Headline inflation for the month of January 2021 is 9.9%
The recorded rate for the month of January represents a 0.5 percentage points decline in comparison to December 2020 recorded inflation rate of 10.4%.
Month-on-month inflation between December 2020 and January 2021, notes the Ghana Statistical Service (GSS) was 0.9%.
Housing, water, electricity, gas – 19.0% down from 20.1% in December 2020 – and food and non-alcoholic beverages – 12.8% down from 14.1% last month – recorded the highest rates of inflation.
Food and non-food inflation
Food inflation (12.8%) came down compared to last month (14.1%), but is still slightly above the average over the last 12 months (12.3%). With this rate, food contributed 57.0% to the total inflation.
This is still above the average for the last year and a half, but slightly down from last month (59.1%). Within the food division, vegetables (20.3%) was the subclass with the highest rate of inflation, which is lower than December (24.2%).
Food inflation was 1.2% (0.3 percentage point lower than last month, but higher than the average over the last 12 months). Compared to last December 2020, fruits and nuts (-5.1%) saw a decrease in price levels, as did fish and other seafood (-0.2%).
Similar to last month, Alcoholic Beverages and Tobacco saw a relatively high month-on-month inflation (1.4%).
Non-Food year-on-year inflation on average was the same as last month (7.7%), which is below the 2020 average (8.5%). Out of the 13 divisions, five had higher year-on-year inflation in January 2021 than the rolling average over the last 12 months.

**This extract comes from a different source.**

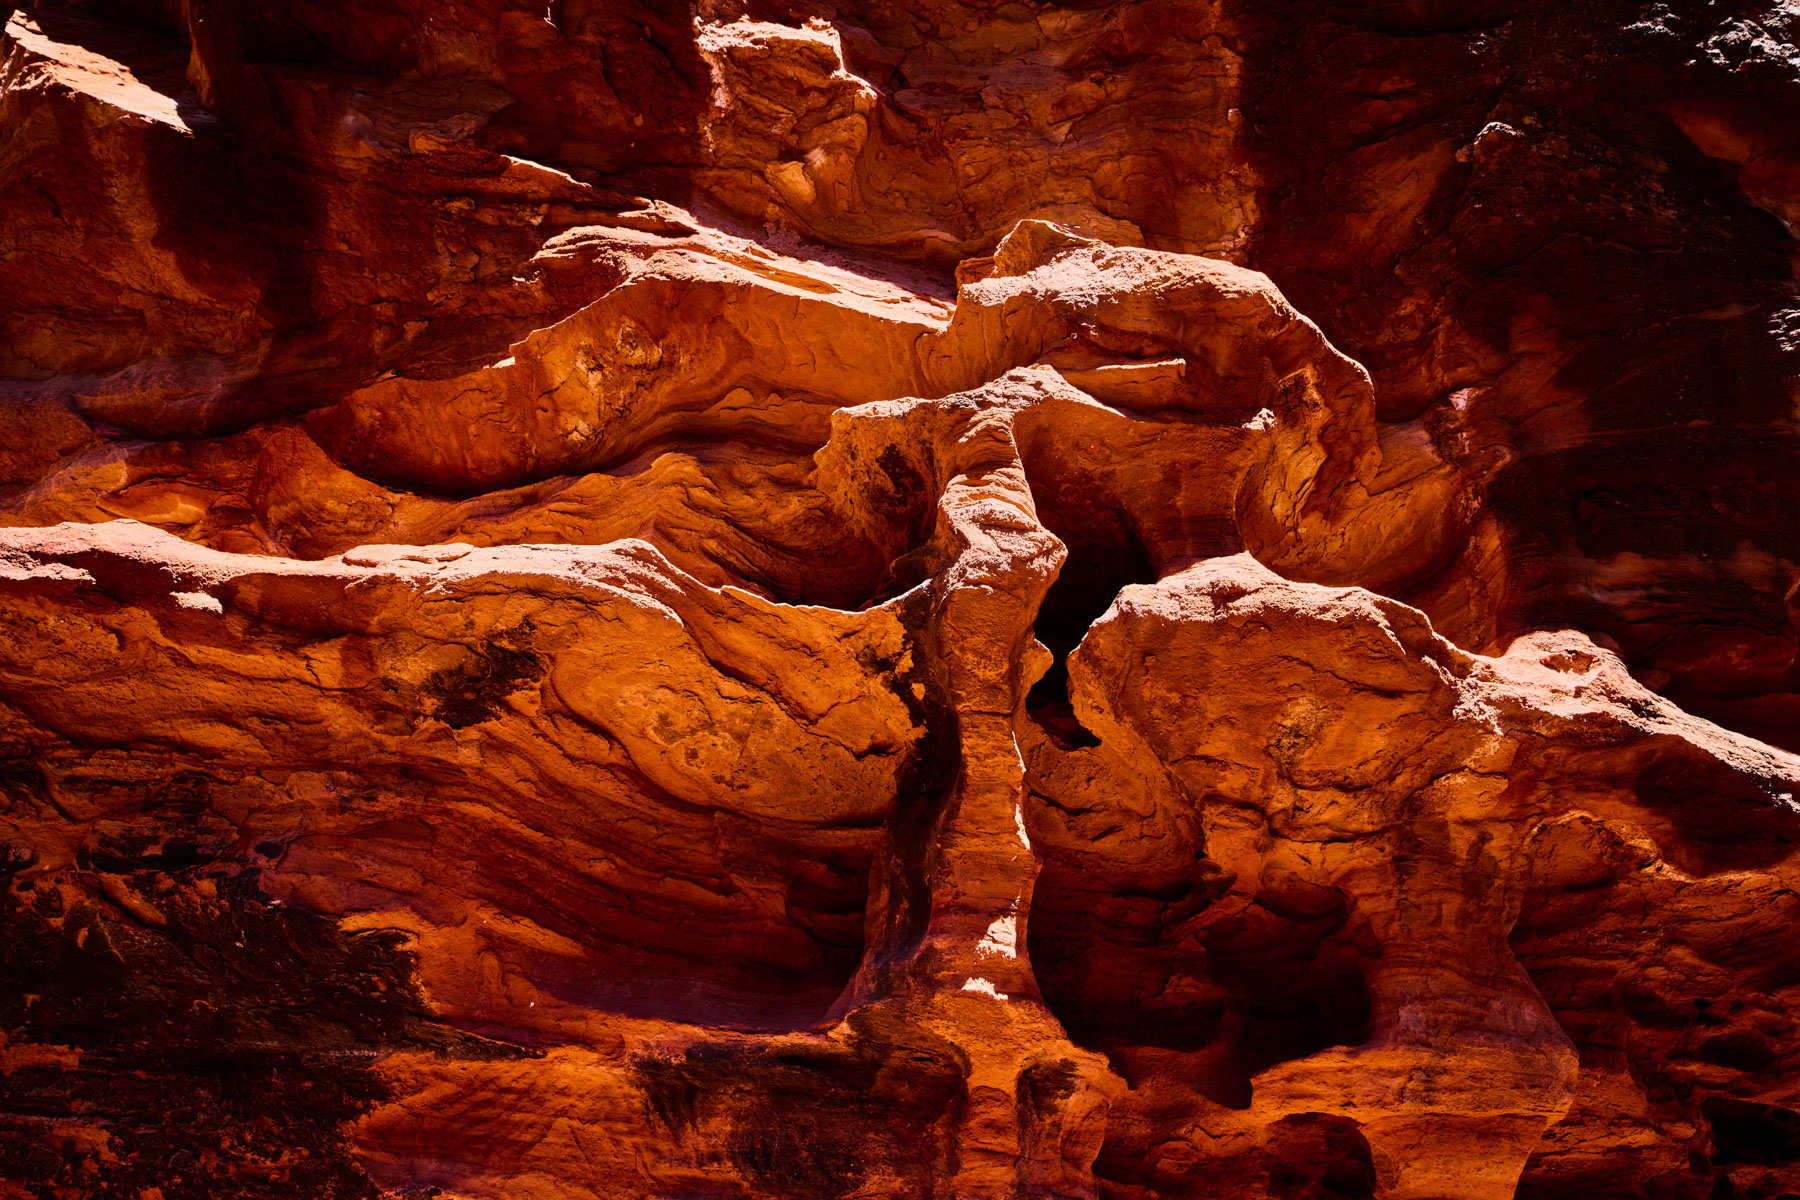 Eroded abstracts in Fay Canyon near Sedona Arizona by Andy Batt

The biggest difference between the average and the current month were recorded for Housing (2.1 percentage points) and Education services (minus 4.1 percentage points). Average month-on-month non-food inflation was 0.7%.

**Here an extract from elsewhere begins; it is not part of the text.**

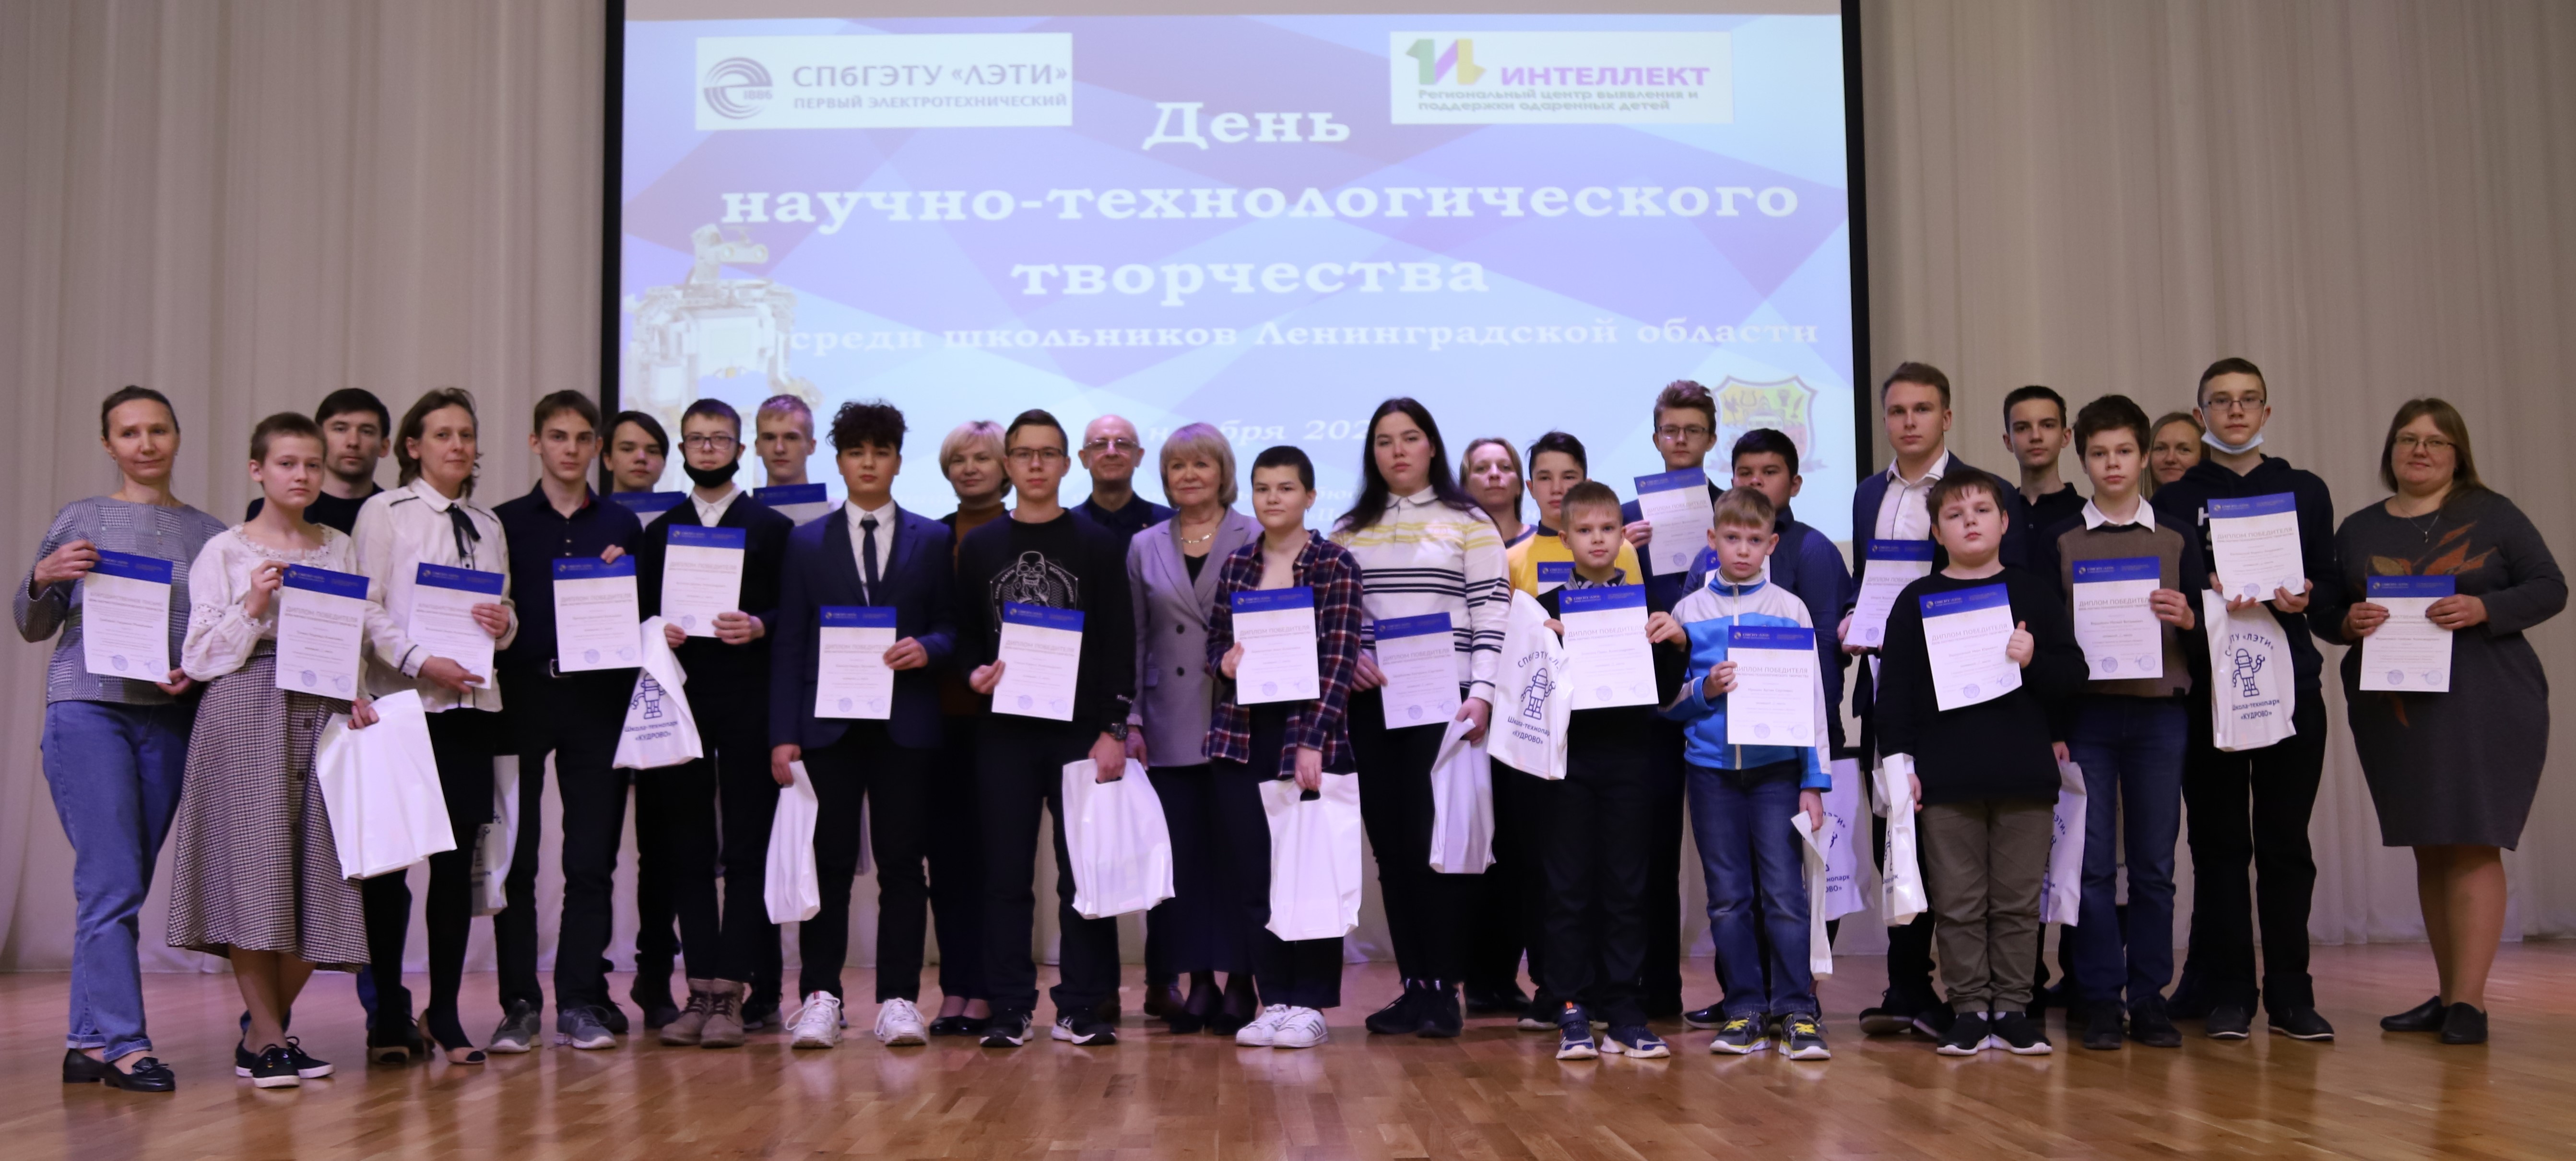 Результаты очного этапа Дня научно-технологического творчества для школьников Ленинградской области

For month-on-month inflation, eight divisions recorded higher inflation than the 12- month rolling average. At the regional level, a similar trend exists.

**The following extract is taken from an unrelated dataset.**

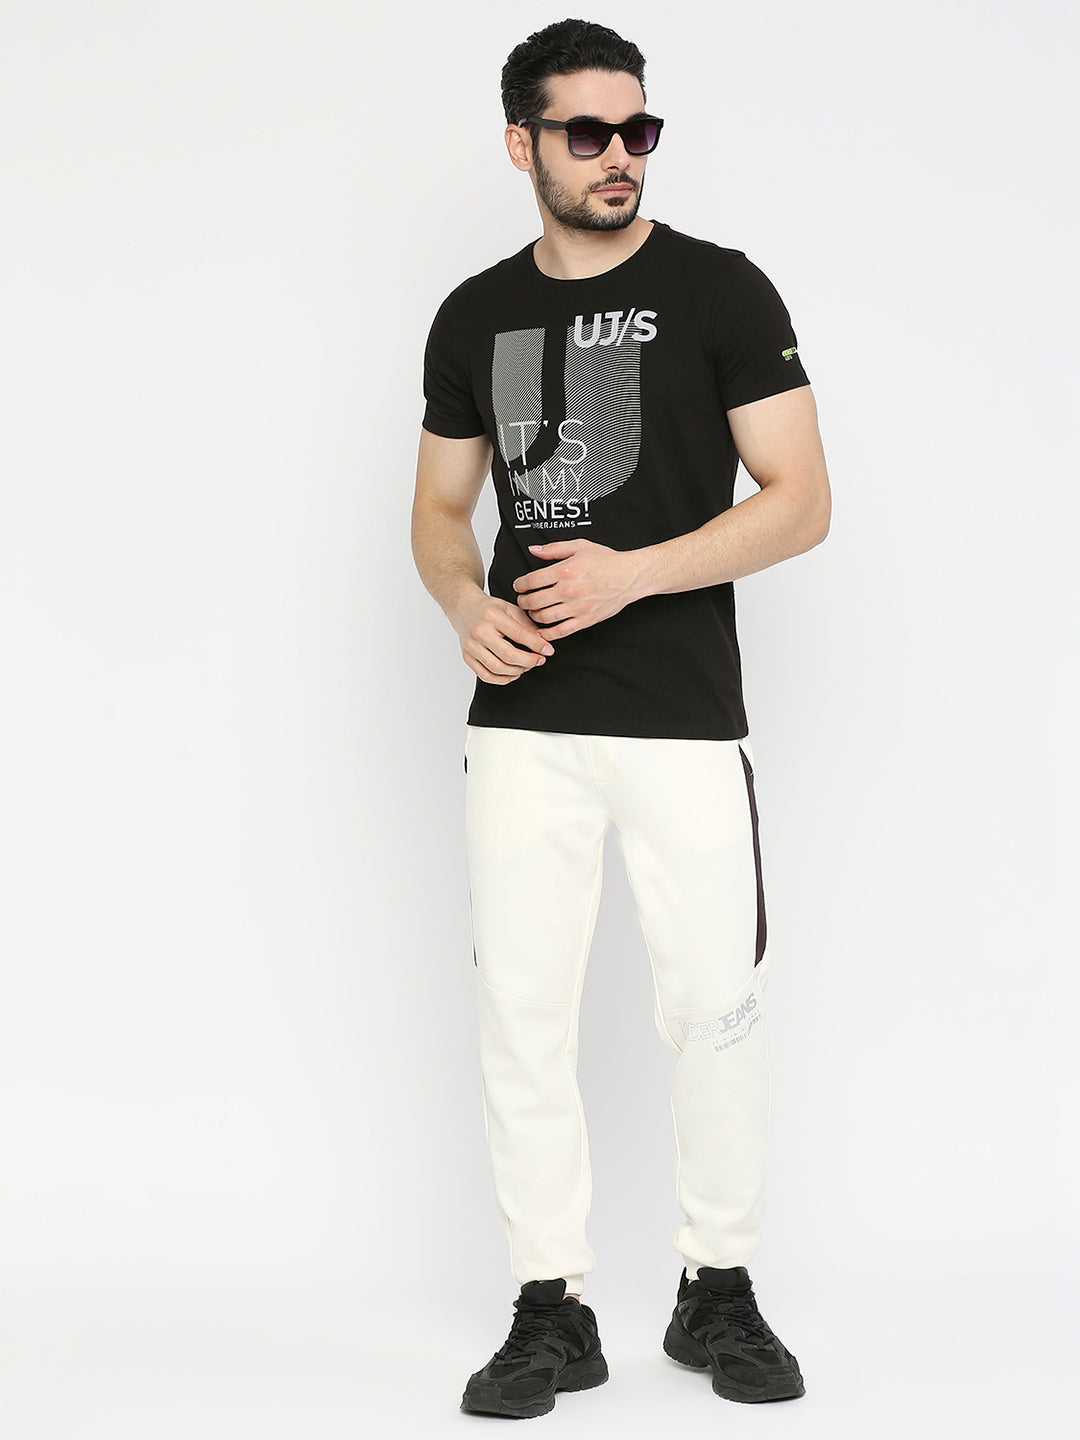 Men Premium Cotton Black Round Neck Tshirt- UnderJeans by Spykar

Regional inflation breakdown
At the regional level, the overall year-on-year inflation ranged from 1.9% in Upper West Region to 15.1% in Greater Accra Region. Only in the Upper West Region (-0.6% food inflation and 4.5% non-food inflation), did food outpace non-food inflation.
The largest difference in food and non-food inflation was recorded in Eastern Region (12.8% and 2.6% respectively). Overall, year-on-year inflation came down in six regions compared to last month, with the biggest decrease in Central Region (minus 1.8 percentage points) and the largest increase in Ashanti Region (0.9 percentage points).
However, Ashanti recorded higher month-on-month inflation for 12 divisions in January compared to the 12-month average and Greater Accra recorded the lower inflation for 11 out of 13.
On a month-on-month basis, Ashanti Region recorded the highest overall inflation (2.1%) and food inflation (3.0%) and Greater Accra had the lowest (0.2% overall and 0.0% food inflation).